My husband grieved the loss of his practice…but he never gave up hope. He knew he needed to find a new purpose, a new way to make a living but he didn’t know what he could possibly do. (Here is a blog post he wrote about it.) A very good friend of his that is also a chiropractor asked my hubby to write some blog posts for him since he didn’t have the time and he knew Bill would be able to write a great article from a doctor’s point of view. What started from writing blog posts for one friend, over the past 5 years, has become a highly successful online marketing company. Upper Cervical Marketing works with chiropractors and helps them get connected with sick and suffering patients that need help. My amazing husband taught himself everything he now knows about online marketing through relentless hard work and unbelievable determination.
Overcoming grief is a process that can’t be rushed and can sometimes feel overwhelming. As my husband’s caregiver I have had many emotional ups and downs over the past 7 ½ years. There are days when the harsh realities that come with a life of paralysis consume us. God has been gracious to us in that most of the time, one of us is on a mountain when the other is in a valley and we are able to help lift each other up. There is no harm or shame in having down days, feeling sad, crying and questioning why. However, it is vital that we choose not to stay down for too long. My hubby and I lean heavily on our faith in Jesus to pull us out of the pit of despair. We trust that God has a purpose for our lives and we know that if we stay in the pit of despair, which is ultimately where the enemy of our souls would like us to stay, then God can’t use us for His plan and purpose. We have chosen joy in the midst of trials and it has made all the difference:
“My brothers and sisters, you will have many kinds of trouble. But this gives you a reason to be very happy. You know that when your faith is tested, you learn to be patient in suffering. If you let that patience work in you, the end result will be good. You will be mature and complete.
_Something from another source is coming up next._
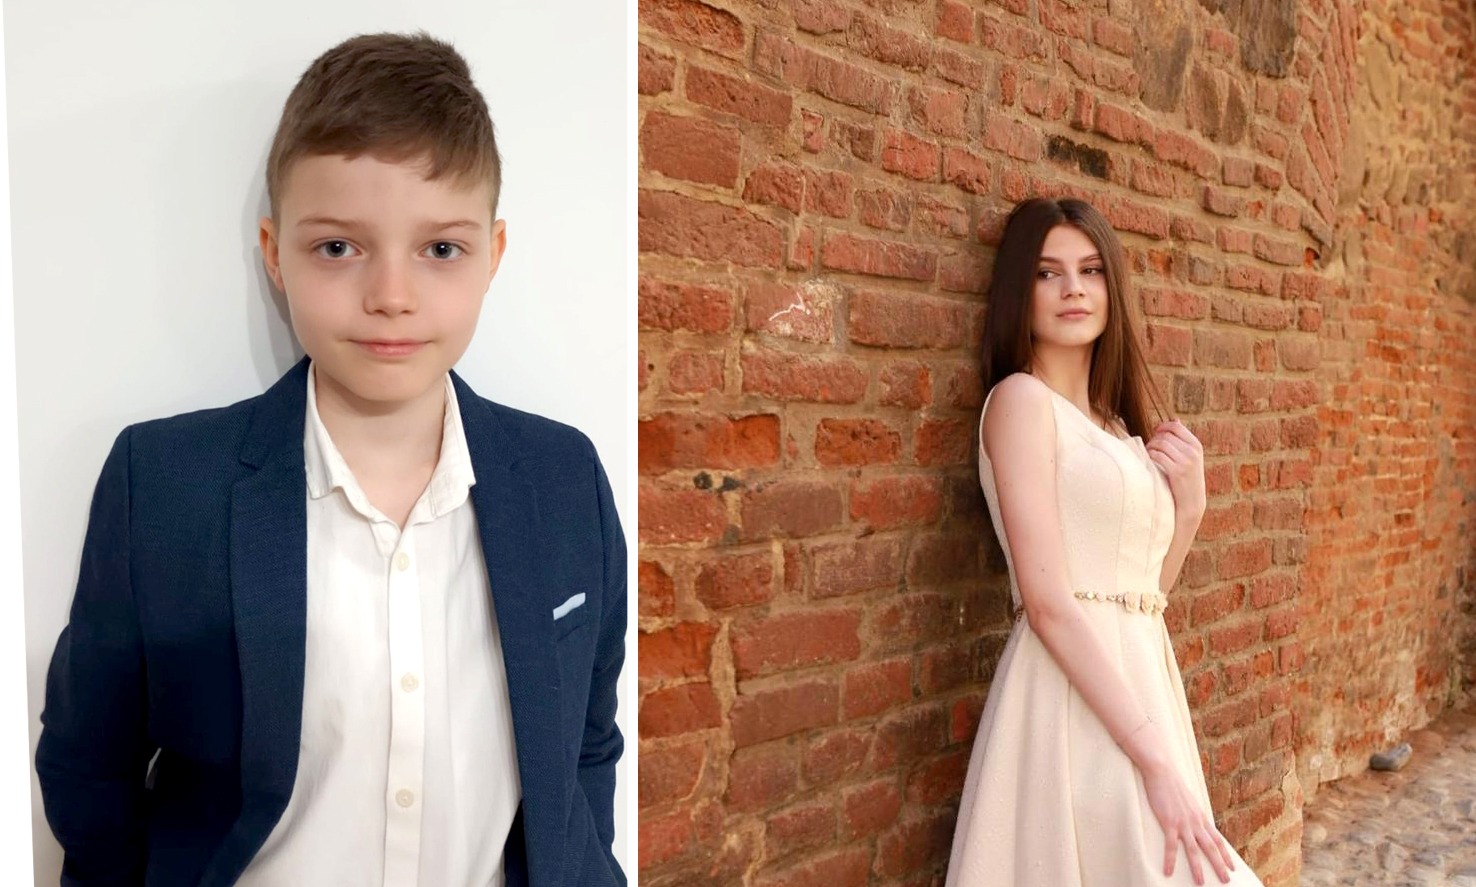 Petra și Vlad, doi dintre copiii talentați ai Școlii Populare de Arte din Sibiu: „Vreau să muncesc mult pentru a putea încânta oamenii cu cântecele mele”

You will be all that God wants you to be.” James 1:2-4
If you or the person you are caring for feels sad and depressed and feel you are unable to pull yourself out, I would encourage you to reach out for help. Seek help from friends and family, find a local church to connect with where you can receive counsel and encouragement or find a reputable grief counselor that can help you deal with your grief and work through your emotions until you are able to choose joy. Everyone handles it a little differently but there is hope for you to overcome your grief and realize new dreams for your life after paralysis.